The second function—the occurrence counter—is computed as follows. When the instruction (K) is transferred to the m. g. op., its occurrence counter is equal to 0. If an instruction (K') is then transferred to the m. g. op. and contains a conditional part denoting the result of the instruction (K), 1 is added to the occurrence counter of the instruction (K).

Algorithm A3 begins operating after the completion of A1 and A2.

Operator 1 transfers to cell (R) the next resultant instruction of the ar. op., beginning with the last cell of the m. r. c. Let (R) contain the instruction (K).

Operator 2 replaces in (K) conditional parts of the 2nd kind by codes of r. cells. If (K) contains a conditional part of the 2nd kind (L+s), the contents of the cell (L+s) are examined. The instruction (K') from (L+s) is transferred to the first free cell of the m. r. cells. In (L+s) the instruction (K') is replaced by the address (r+i), indicating where (K') was transferred. If, however, (K'), during the processing of one of the preceding instructions of the ar. op., has already been replaced by the address (r+i), 1 is subtracted from the occurrence counter of the instruction (K') located in (r+i). In (K) the conditional part (L+s) is replaced by the code (r+i) of an r. cell. If (K) contains two conditional parts of the 2nd kind, (L+s_1) and (L+s_2), and the cells (L+s_1) and (L+s_2) contain the instructions (K_1) and (K_2), then into the m. r. cells there is first transferred that one of the instructions (K_1, K_2) for which the value of the order function is larger.

Fig. 3

Operator 3 transfers (K) to the next cell of the array of the finished program, beginning with the last cell.

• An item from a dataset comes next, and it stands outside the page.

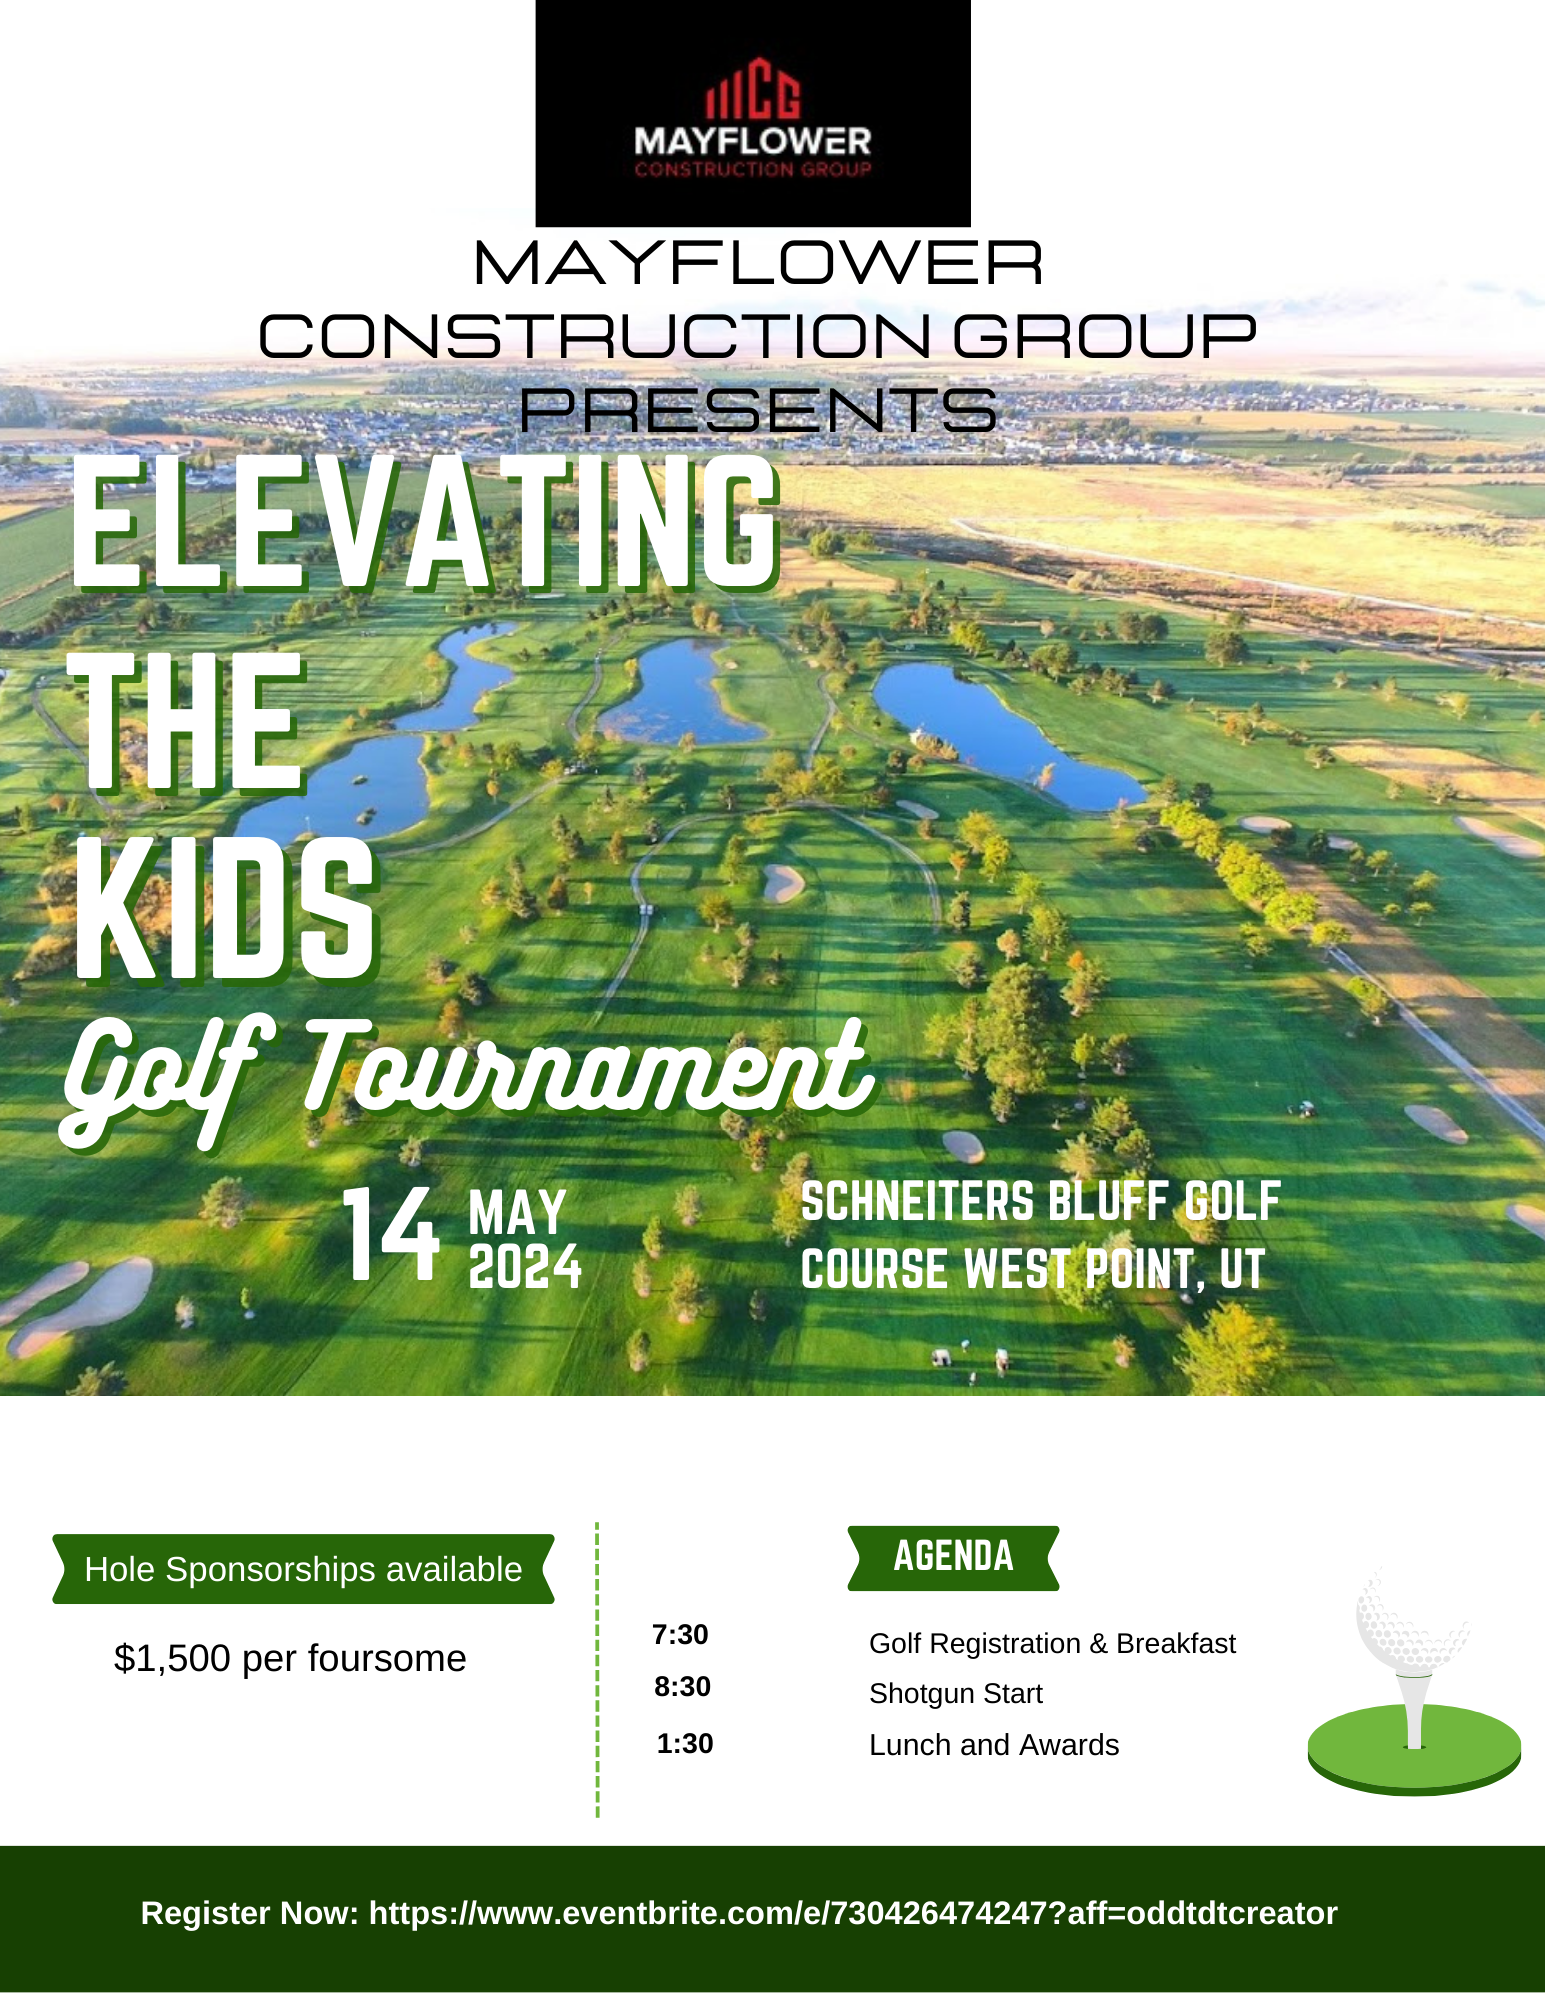 Mayflower Construction Presents Elevating the Kids Charity Golf Tournament

Operator 4, scanning the m. r. cells from the end, finds the first instruction with occurrence counter equal to 1. If no such instruction is found in the m. r. cells, or if there is not a single instruction in the m. r. cells, control is transferred to operator 6.

Operator 5 transfers the found instruction from cell (r+j) to (R), puts (r+j) in the third address of this instruction, and then clears cell (r+j).

Operator 6 transfers control to operator 1 if not all instructions have yet been transferred from the m. r. c.

For ar. op. in which the occurrence counter of each instruction is equal to 1, the algorithm described completely solves the problem of the most advantageous ordering. This follows from the following two assertions, valid under the restrictions indicated above:

1. For the purpose of minimizing the expenditure of working cells, for any two-place operation it is necessary first to compute that one of its components for which the minimum number of r. cells required for its computation is larger.

2. For each instruction its order function is equal to the minimum number of r. cells required to compute the expression in which the last operation is realized by the given instruction.

Moscow State University
named after M. V. Lomonosov

Received
27 VI 1957

REFERENCES

1. A. P. Ershov, A programming program for BESM, Moscow, 1958.